He Came Home at Midnight and Saw Who Touched His Comatose Wife-eirian

At 11:47 p.m., the house smelled like rubbing alcohol, old pine, and the faint hot-plastic breath of machines that had become part of our marriage.

I used to hate that smell.

After six years, I knew it the way some men know their wife’s perfume, or the soap on her neck, or the clean laundry scent on the pillow they share.

Image

Bree and I had been married eight years when the accident happened, though for the last six of them, marriage had looked like a hospital bed in the room that used to be her office.

We bought the house because she wanted the old pine trim.

She said new houses felt like they had not decided who they were yet.

This one creaked in the winter, smelled of dust when the heat kicked on, and had one bedroom window that faced the maple tree she swore would turn red before any other tree on the block.

It was through that same window that I later saw the thing I still wake up remembering.

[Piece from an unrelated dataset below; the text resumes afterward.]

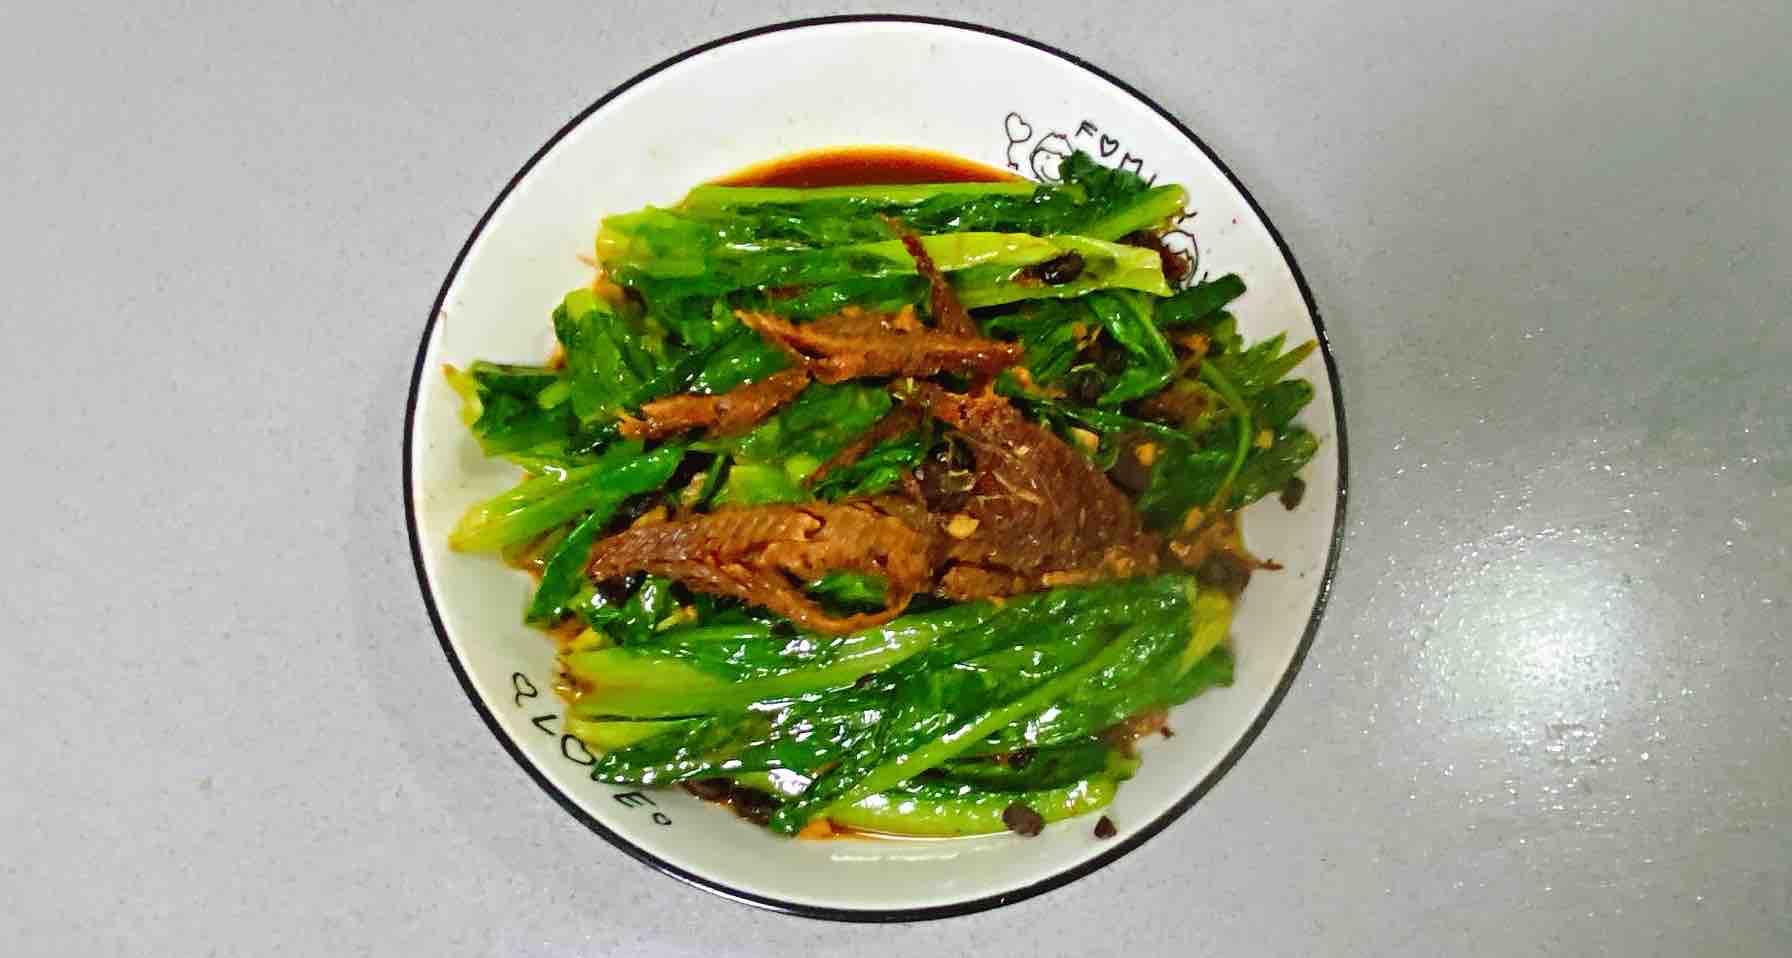 【孕妇食谱】豆豉鲮鱼油麦菜,鲜香扑鼻,美味又下饭~成品图

The night of the accident began with a late dinner on Commercial Street.

It was foggy, the kind of wet fog that turns streetlights into soft circles and makes everything look forgiven before anything has been.

Bree and I argued on the way home.

Not screaming.

Not hatred.

Just two tired people pulling at the same knot from opposite sides.

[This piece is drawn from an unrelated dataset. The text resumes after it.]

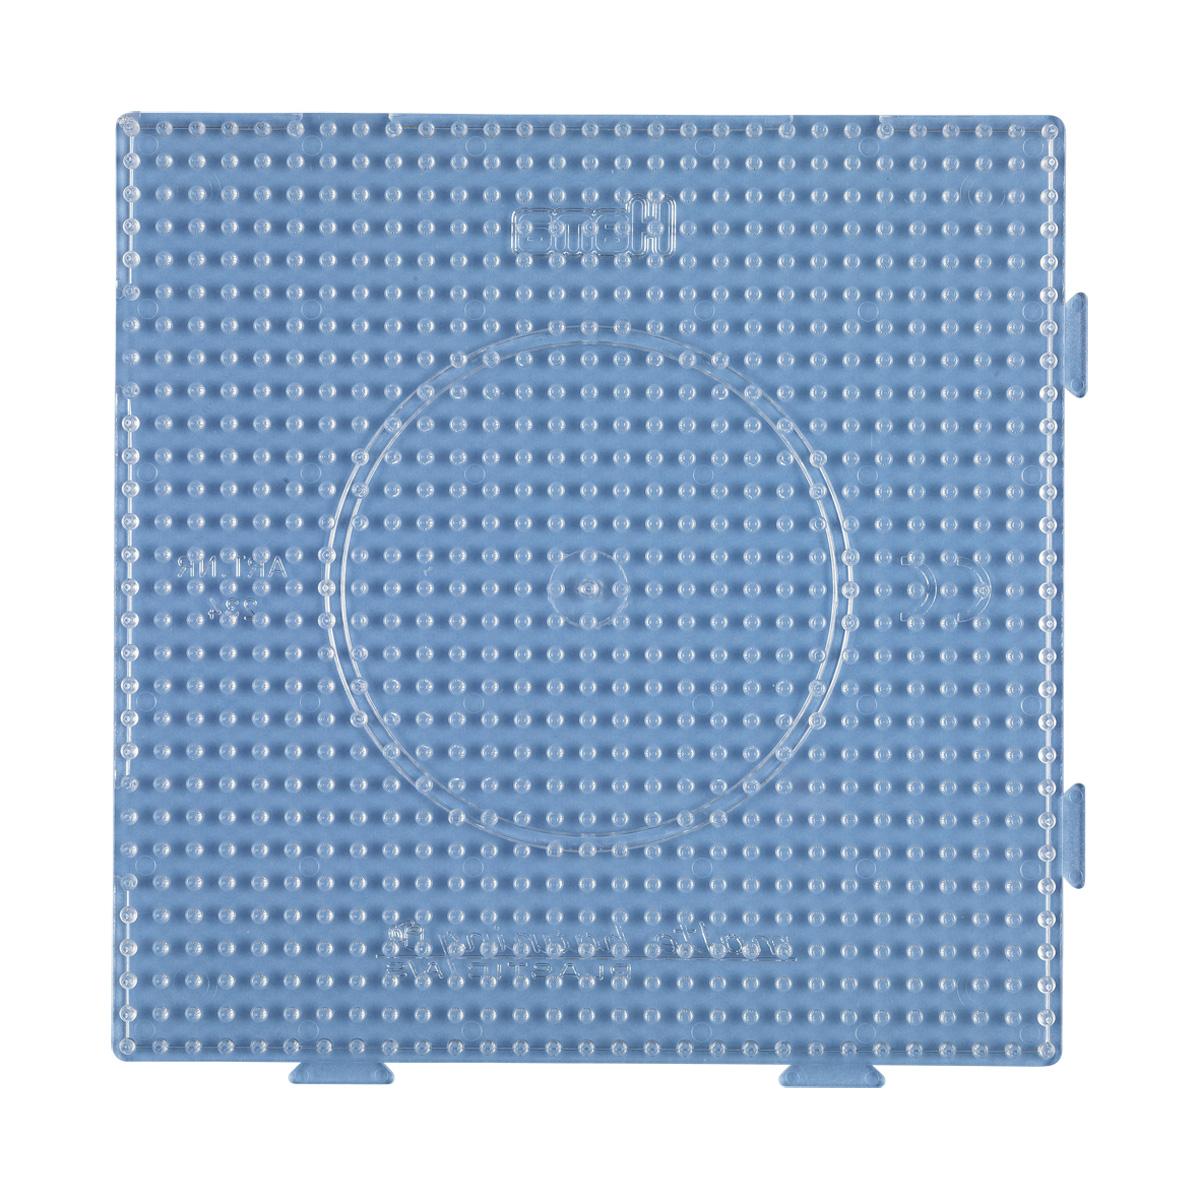 ハマビーズ ボードLツナガル正方形(透明)

She wanted to move closer to her job because the commute was wearing her down.

I wanted to keep the house because I had poured too much sweat, money, and hope into it to admit we had chosen wrong.

The last clear thing I remember her saying was, “Matthew, I am not asking you to lose. I am asking you to hear me.”

Then headlights came from the side.

The horn was too close.

The car spun with that weightless, sickening slide that makes your stomach understand before your mind does.

When metal hit metal, it sounded like someone folding a ladder in half.

I woke up in St. Agnes Medical Center with stitches in my scalp and a nurse telling me not to move.

Bree did not wake up at all.

First, they said coma.

Then they said persistent vegetative state.